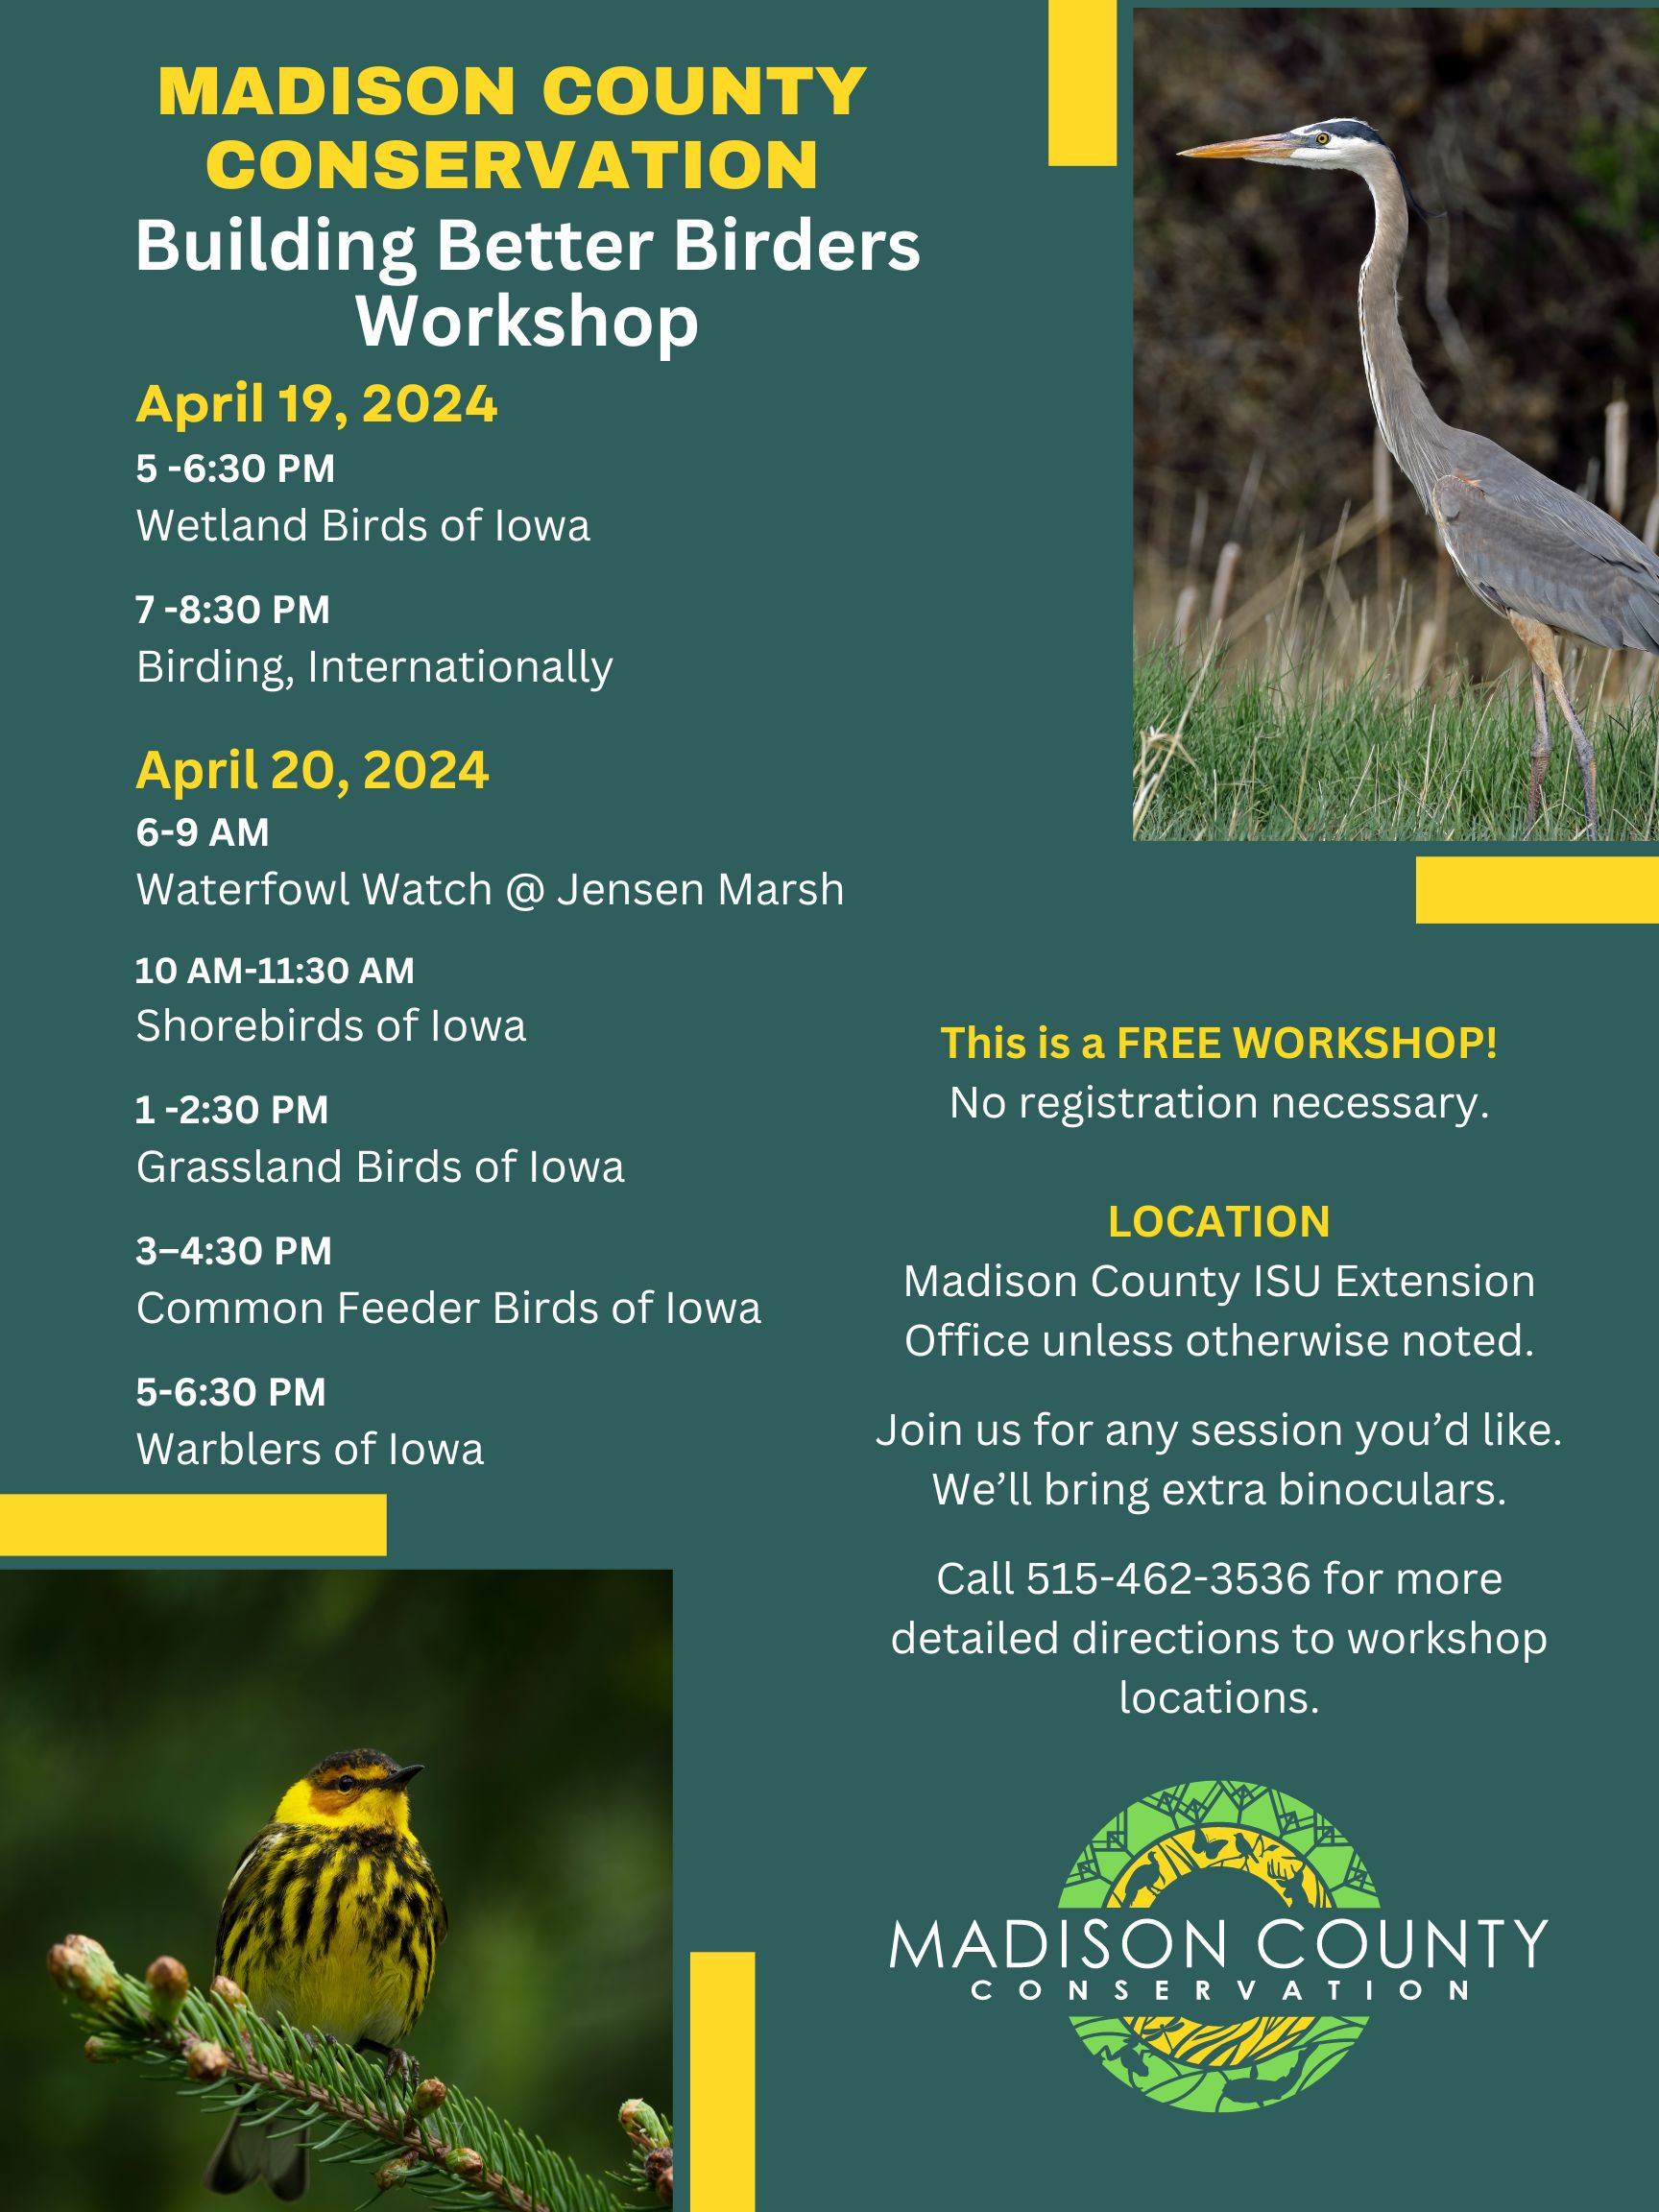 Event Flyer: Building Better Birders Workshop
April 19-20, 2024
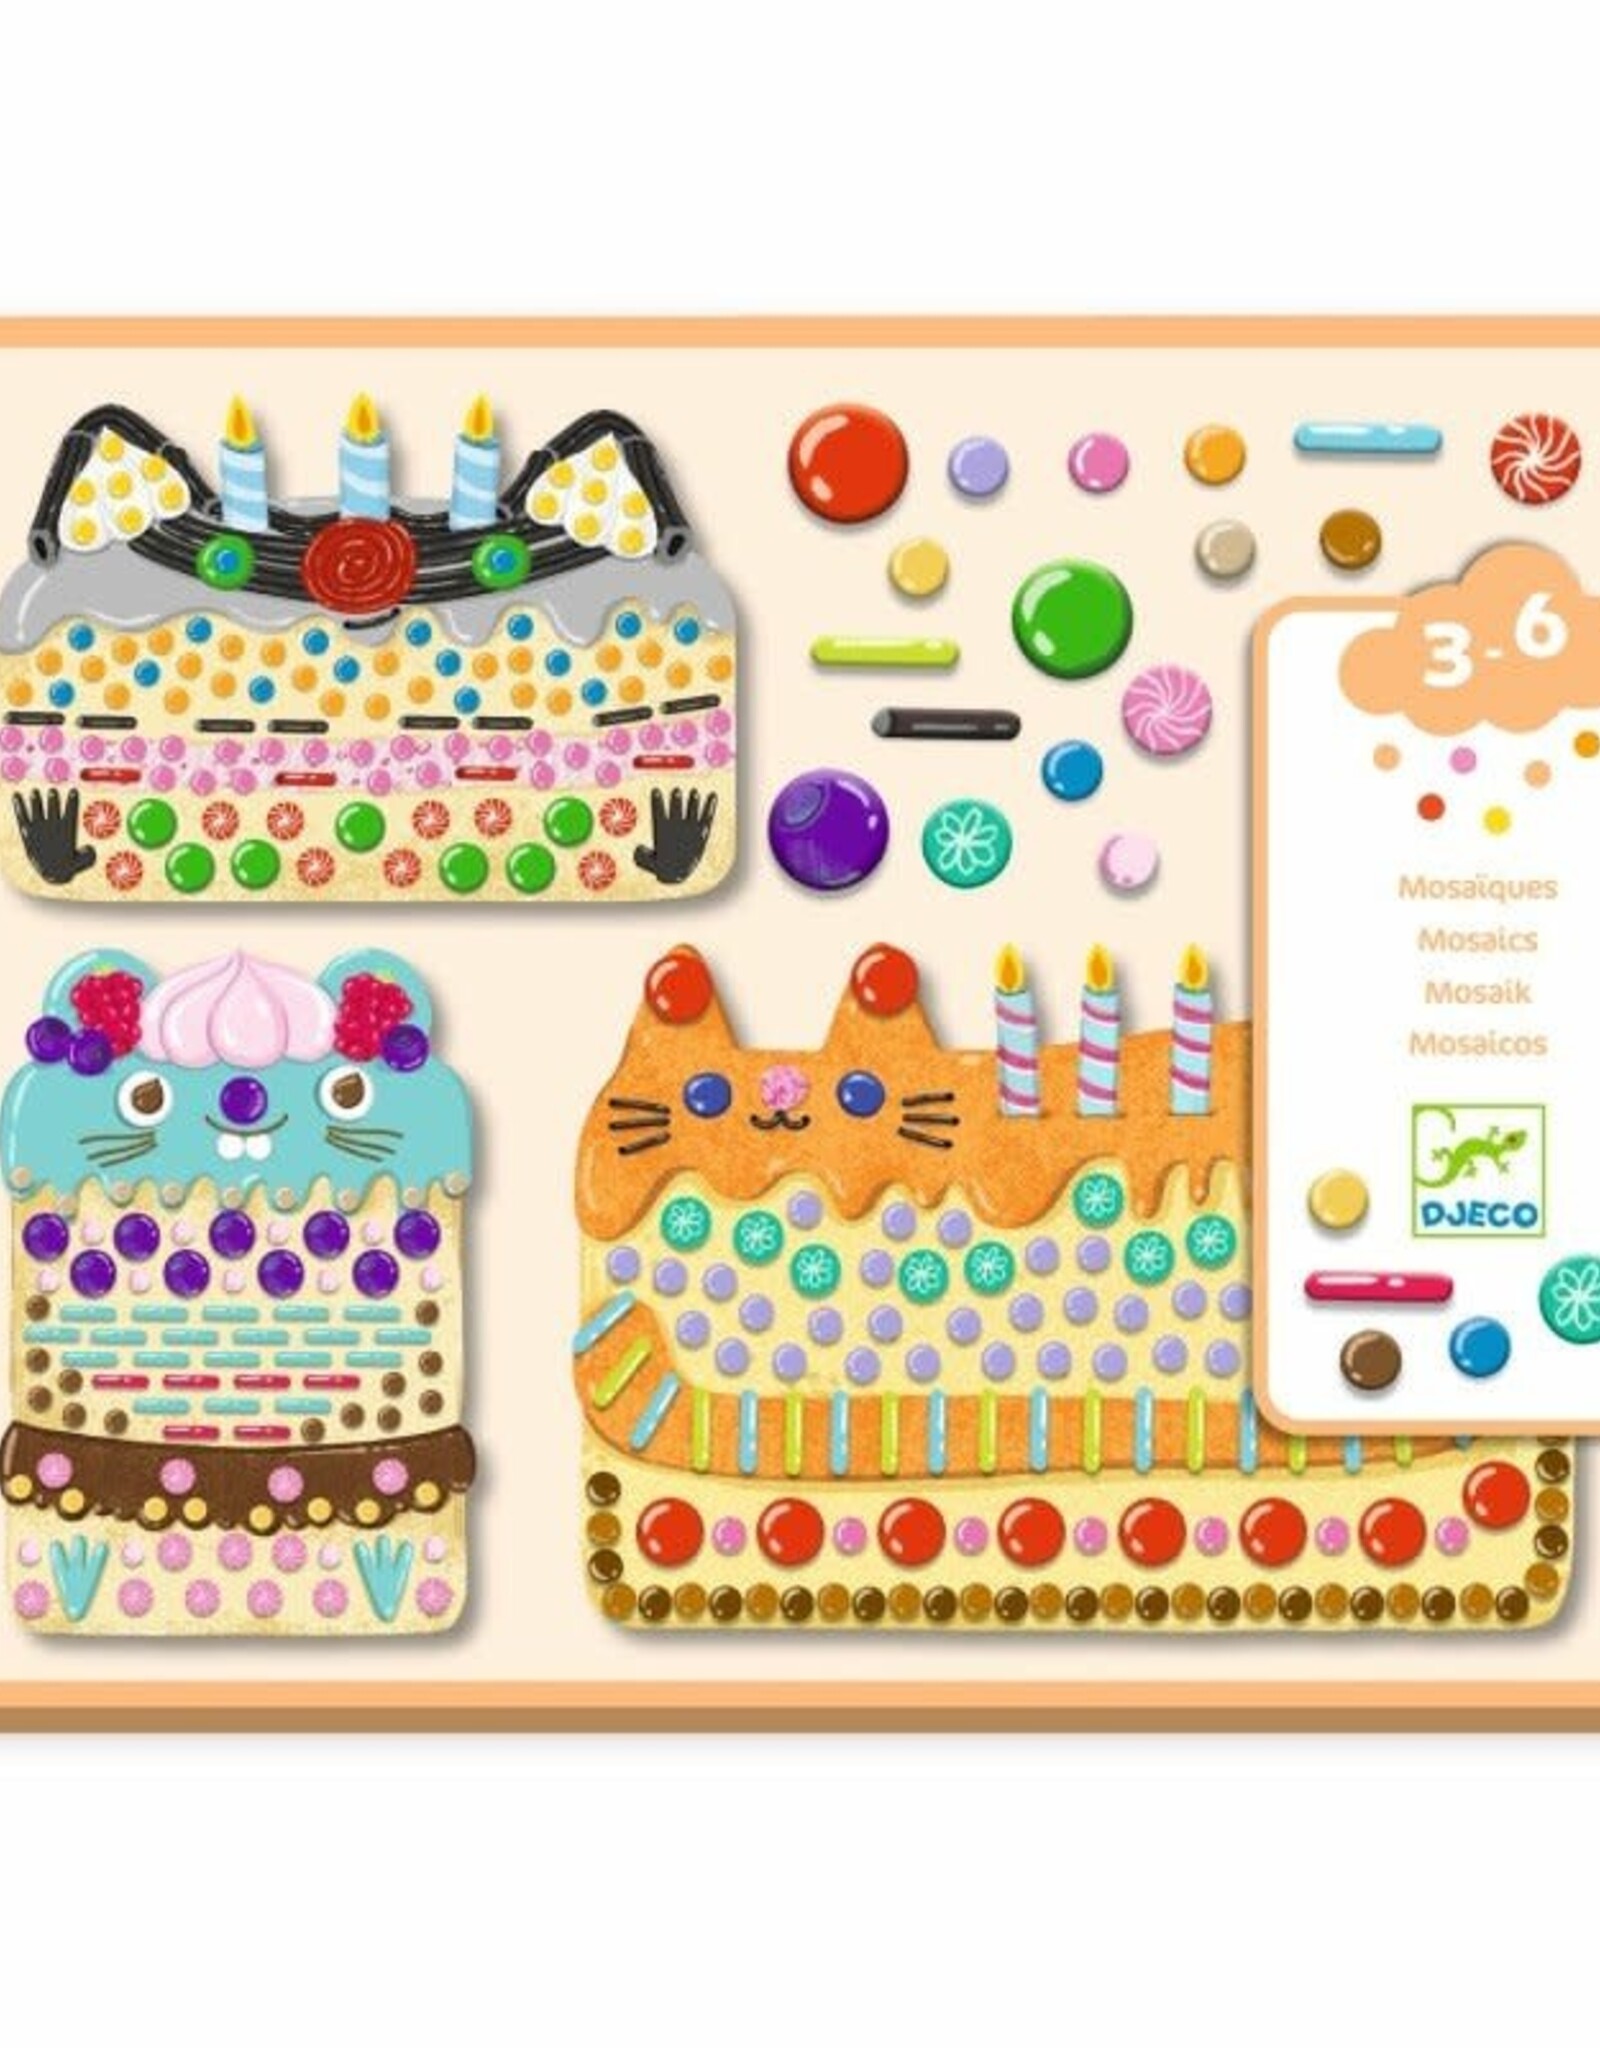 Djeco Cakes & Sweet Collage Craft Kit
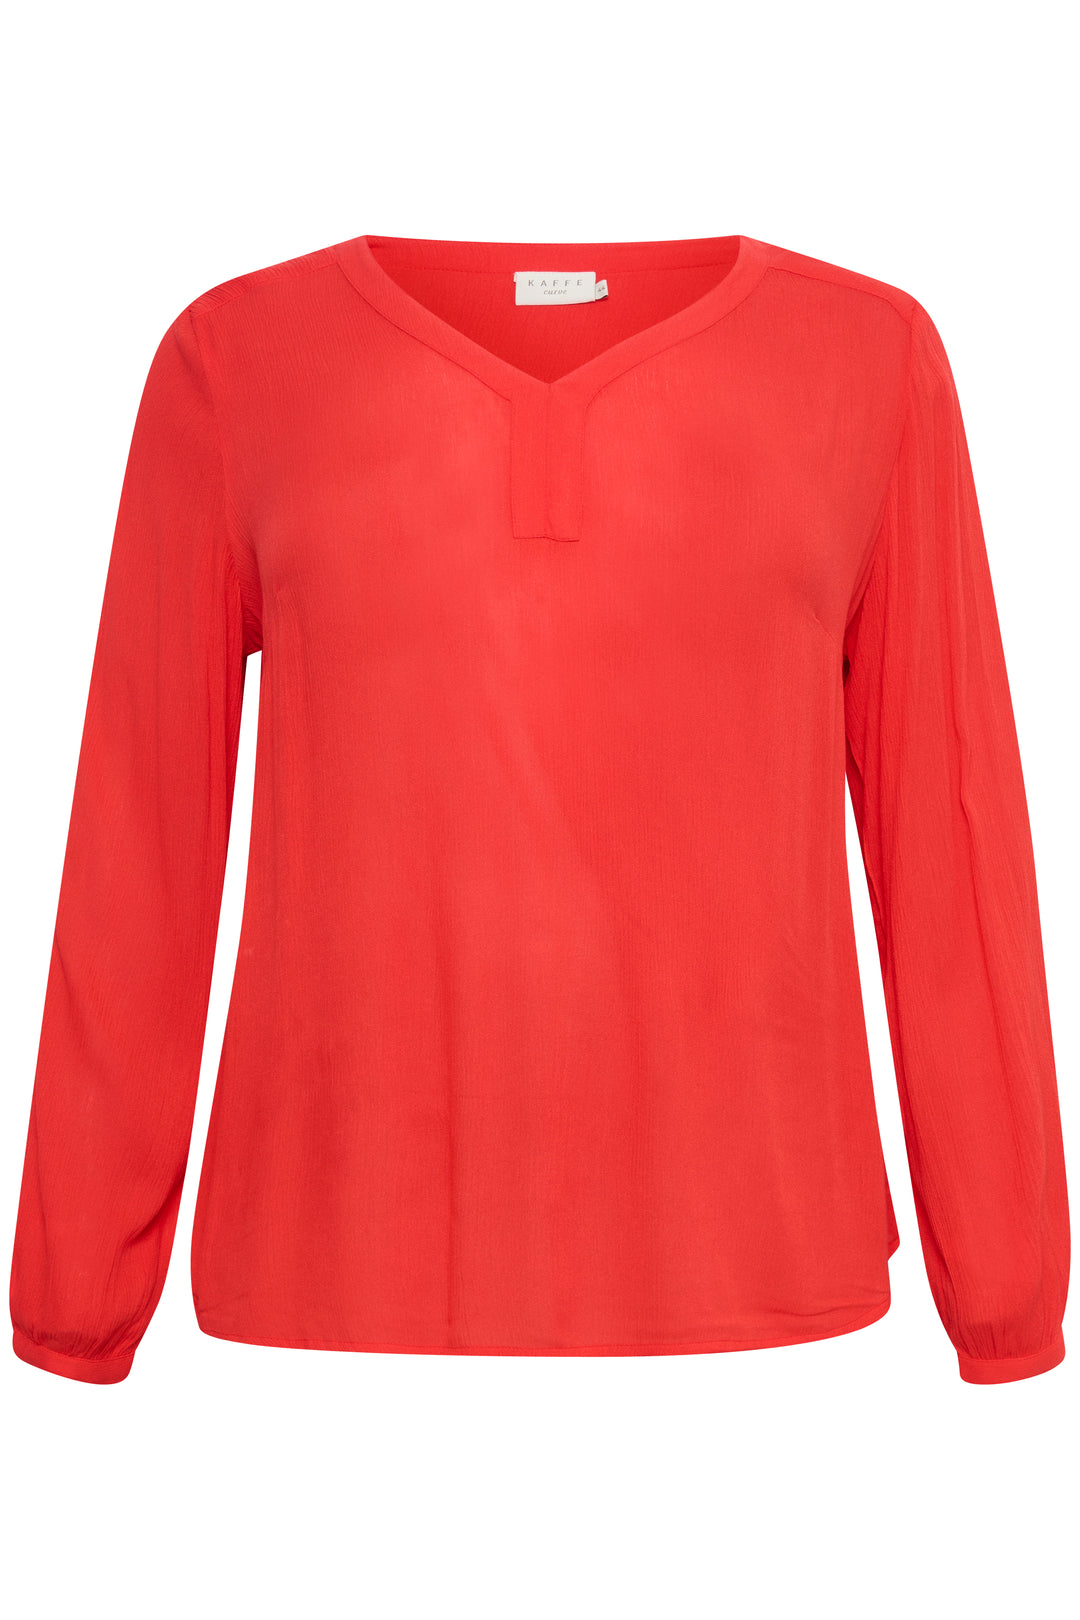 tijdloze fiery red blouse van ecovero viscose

· · ·

What is being asked: "April 19-20, 2024" marks the first line to copy; copy that line and every line after it through the last line of the listing, exactly and without pictures.

Answer for this exercise:
April 19-20, 2024
 Djeco Cakes & Sweet Collage Craft Kit
 tijdloze fiery red blouse van ecovero viscose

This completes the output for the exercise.